Every line below from the one containing "Tattoo Transfers" through the one containing "Weihnachtstannenbaum Und Geschenke" must be transcribed exactly. Omit all lines outside that stretch.

▬▬▬▬▬▬▬▬▬▬

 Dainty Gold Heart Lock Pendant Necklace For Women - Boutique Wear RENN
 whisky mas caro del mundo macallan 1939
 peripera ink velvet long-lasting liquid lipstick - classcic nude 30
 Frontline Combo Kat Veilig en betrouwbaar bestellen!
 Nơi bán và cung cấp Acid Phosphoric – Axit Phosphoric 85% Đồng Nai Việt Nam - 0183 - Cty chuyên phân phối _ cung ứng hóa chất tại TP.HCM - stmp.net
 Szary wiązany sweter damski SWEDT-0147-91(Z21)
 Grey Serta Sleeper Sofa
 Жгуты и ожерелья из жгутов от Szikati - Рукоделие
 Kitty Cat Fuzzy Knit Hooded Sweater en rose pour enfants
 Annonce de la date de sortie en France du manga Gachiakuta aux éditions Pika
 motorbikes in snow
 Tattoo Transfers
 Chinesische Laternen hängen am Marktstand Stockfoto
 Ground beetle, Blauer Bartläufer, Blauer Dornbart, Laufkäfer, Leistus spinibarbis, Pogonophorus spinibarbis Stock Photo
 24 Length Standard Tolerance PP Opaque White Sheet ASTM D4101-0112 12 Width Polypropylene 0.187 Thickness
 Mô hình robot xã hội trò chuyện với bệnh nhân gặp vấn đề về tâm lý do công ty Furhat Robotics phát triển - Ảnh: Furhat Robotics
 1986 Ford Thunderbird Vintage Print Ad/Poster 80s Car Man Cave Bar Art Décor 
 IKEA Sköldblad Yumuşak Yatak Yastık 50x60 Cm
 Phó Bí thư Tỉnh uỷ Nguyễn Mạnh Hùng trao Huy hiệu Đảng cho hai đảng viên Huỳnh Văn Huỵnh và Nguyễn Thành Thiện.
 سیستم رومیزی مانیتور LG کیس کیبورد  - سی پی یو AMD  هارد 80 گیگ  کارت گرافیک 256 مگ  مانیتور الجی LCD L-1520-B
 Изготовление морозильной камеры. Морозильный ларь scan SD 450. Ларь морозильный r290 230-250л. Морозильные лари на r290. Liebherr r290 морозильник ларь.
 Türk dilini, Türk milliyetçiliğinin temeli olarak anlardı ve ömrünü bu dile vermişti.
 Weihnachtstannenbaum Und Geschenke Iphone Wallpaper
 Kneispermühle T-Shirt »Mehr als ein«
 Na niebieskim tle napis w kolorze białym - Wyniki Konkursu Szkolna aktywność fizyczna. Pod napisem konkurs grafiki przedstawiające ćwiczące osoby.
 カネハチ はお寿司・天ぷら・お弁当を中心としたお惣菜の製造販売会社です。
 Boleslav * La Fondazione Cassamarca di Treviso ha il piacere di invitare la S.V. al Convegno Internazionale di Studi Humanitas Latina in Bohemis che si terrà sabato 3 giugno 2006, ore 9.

▬▬▬▬▬▬▬▬▬▬

Solution to the problem ::
 Tattoo Transfers
 Chinesische Laternen hängen am Marktstand Stockfoto
 Ground beetle, Blauer Bartläufer, Blauer Dornbart, Laufkäfer, Leistus spinibarbis, Pogonophorus spinibarbis Stock Photo
 24 Length Standard Tolerance PP Opaque White Sheet ASTM D4101-0112 12 Width Polypropylene 0.187 Thickness
 Mô hình robot xã hội trò chuyện với bệnh nhân gặp vấn đề về tâm lý do công ty Furhat Robotics phát triển - Ảnh: Furhat Robotics
 1986 Ford Thunderbird Vintage Print Ad/Poster 80s Car Man Cave Bar Art Décor 
 IKEA Sköldblad Yumuşak Yatak Yastık 50x60 Cm
 Phó Bí thư Tỉnh uỷ Nguyễn Mạnh Hùng trao Huy hiệu Đảng cho hai đảng viên Huỳnh Văn Huỵnh và Nguyễn Thành Thiện.
 سیستم رومیزی مانیتور LG کیس کیبورد  - سی پی یو AMD  هارد 80 گیگ  کارت گرافیک 256 مگ  مانیتور الجی LCD L-1520-B
 Изготовление морозильной камеры. Морозильный ларь scan SD 450. Ларь морозильный r290 230-250л. Морозильные лари на r290. Liebherr r290 морозильник ларь.
 Türk dilini, Türk milliyetçiliğinin temeli olarak anlardı ve ömrünü bu dile vermişti.
 Weihnachtstannenbaum Und Geschenke Iphone Wallpaper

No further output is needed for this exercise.